UNITED STATES DISTRICT COURT CENTRAL DISTRICT OF CALIFORNIA WESTERN DIVISION


February 21, 2013

PABLO MAGALLANES, PLAINTIFF,
v.
CAROLYN W. COLVIN, ACTING, COMMISSIONER OF SOCIAL SECURITY ADMINISTRATION, DEFENDANT.

The opinion of the court was delivered by: Paul L. Abramsunited States Magistrate Judge

MEMORANDUM OPINION AND ORDER

I. PROCEEDINGS

Plaintiff filed this action on May 3, 2012, seeking review of the Commissioner's denial of his application for Disability Insurance Benefits. The parties filed Consents to proceed before the undersigned Magistrate Judge on June 4, 2012, and June 14, 2012. Pursuant to the Court's Order, the parties filed a Joint Stipulation on February 8, 2013, that addresses their positions concerning the disputed issues in the case. The Court has taken the Joint Stipulation under submission without oral argument.

II. BACKGROUND

Plaintiff was born on March 25, 1950. [Administrative Record ("AR") at 65.] He completed at least four years of college [AR at 124], and has past relevant work experience as an accounts receivable clerk. [AR at 122, 127.]

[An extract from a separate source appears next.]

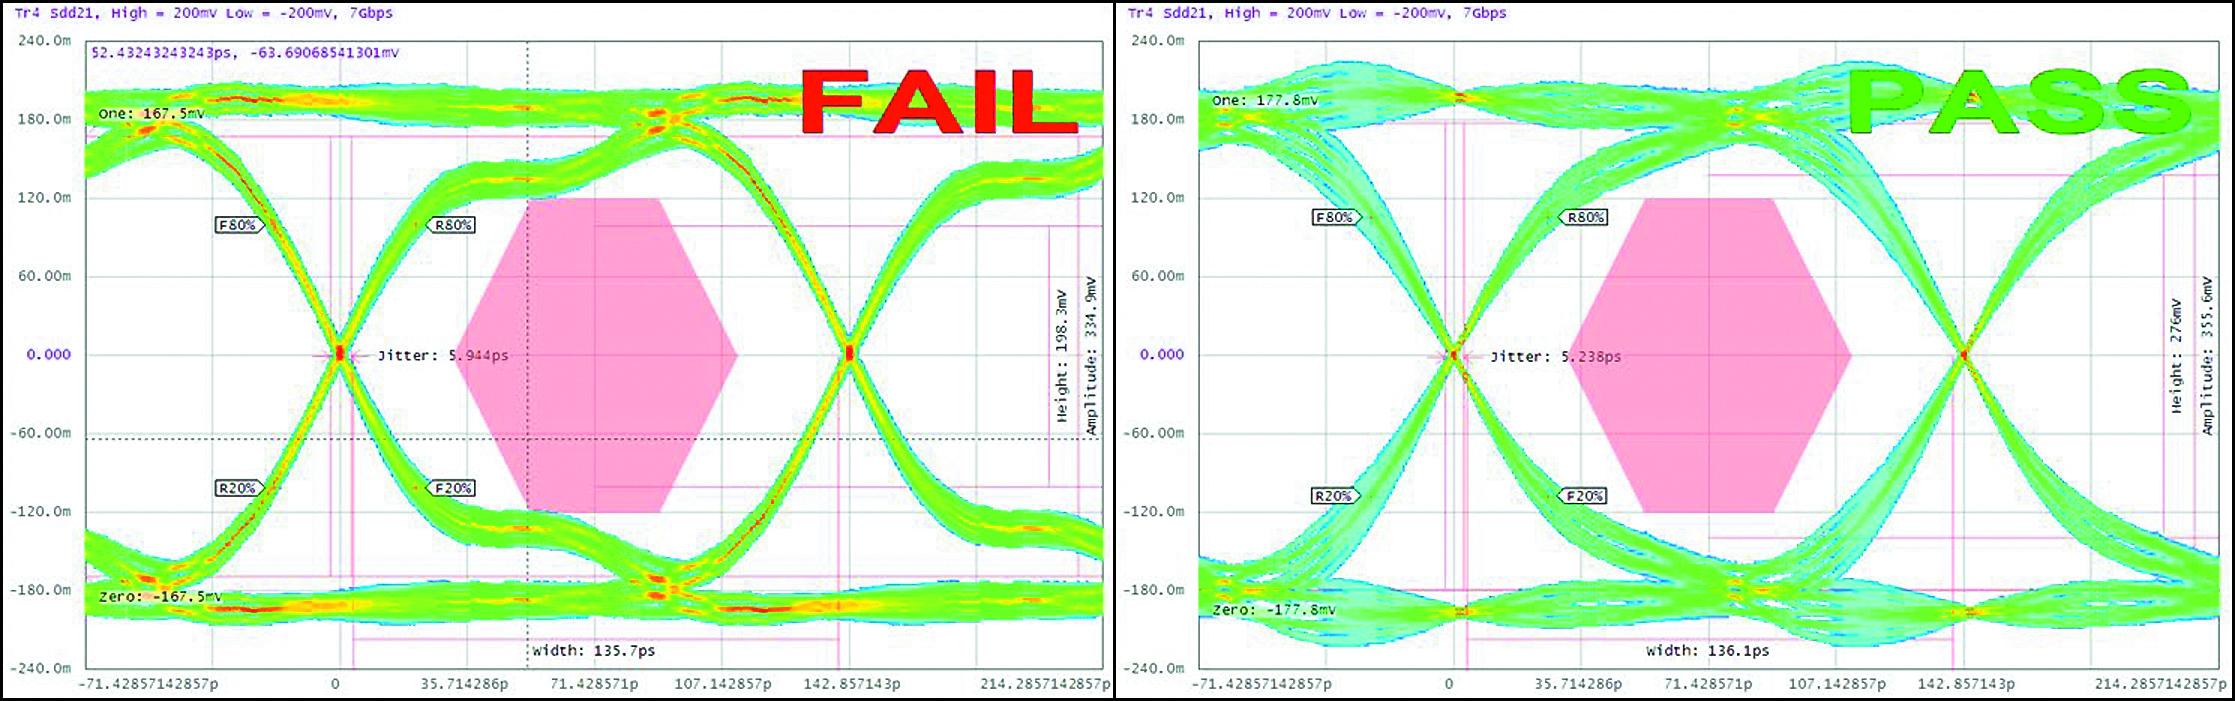 Глазковая диаграмма с фильтром WE-CNSW (слева) и фильтром на WE-CNSW HF (справа) при скорости 7 Гбит/с

On July 11, 2008, plaintiff filed his application for Disability Insurance Benefits, alleging that he has been unable to work since January 7, 2007, due to polio, arthritis, osteoarthritis of the spine, and problems with his left leg, left ankle, and back. [AR at 65, 105-06, 120-26, 132-37.] After his application was denied initially, plaintiff requested a hearing before an Administrative Law Judge ("ALJ"). [AR at 66-73.] Following a continuance, a hearing was held on April 9, 2010, at which time plaintiff appeared with counsel and testified on his own behalf. [AR at 28-55.] On April 27, 2010, the ALJ found plaintiff not disabled. [AR at 22-27.] On February 13, 2012, the Appeals Council denied plaintiff's request for review. [AR at 4-8.] This action followed.

III. STANDARD OF REVIEW

Pursuant to 42 U.S.C. § 405(g), this Court has authority to review the Commissioner's decision to deny benefits. The decision will be disturbed only if it is not supported by substantial evidence or if it is based upon the application of improper legal standards. Moncada v. Chater, 60 F.3d 521, 523 (9th Cir. 1995); Drouin v. Sullivan, 966 F.2d 1255, 1257 (9th Cir. 1992).

In this context, the term "substantial evidence" means "more than a mere scintilla but less than a preponderance -- it is such relevant evidence that a reasonable mind might accept as adequate to support the conclusion." Moncada, 60 F.3d at 523; see also Drouin, 966 F.2d at 1257. When determining whether substantial evidence exists to support the Commissioner's decision, the Court examines the administrative record as a whole, considering adverse as well as supporting evidence. Drouin, 966 F.2d at 1257; Hammock v. Bowen, 879 F.2d 498, 501 (9th Cir. 1989). Where the evidence is susceptible to more than one rational interpretation, the Court must defer to the decision of the Commissioner. Moncada, 60 F.3d at 523; Andrews v. Shalala, 53 F.3d 1035, 1039-40 (9th Cir. 1995); Drouin, 966 F.2d at 1258.

IV. THE EVALUATION OF DISABILITY

Persons are "disabled" for purposes of receiving Social Security benefits if they are unable to engage in any substantial gainful activity owing to a physical or mental impairment that is expected to result in death or which has lasted or is expected to last for a continuous period of at least twelve months. 42 U.S.C. § 423(d)(1)(A); Drouin, 966 F.2d at 1257.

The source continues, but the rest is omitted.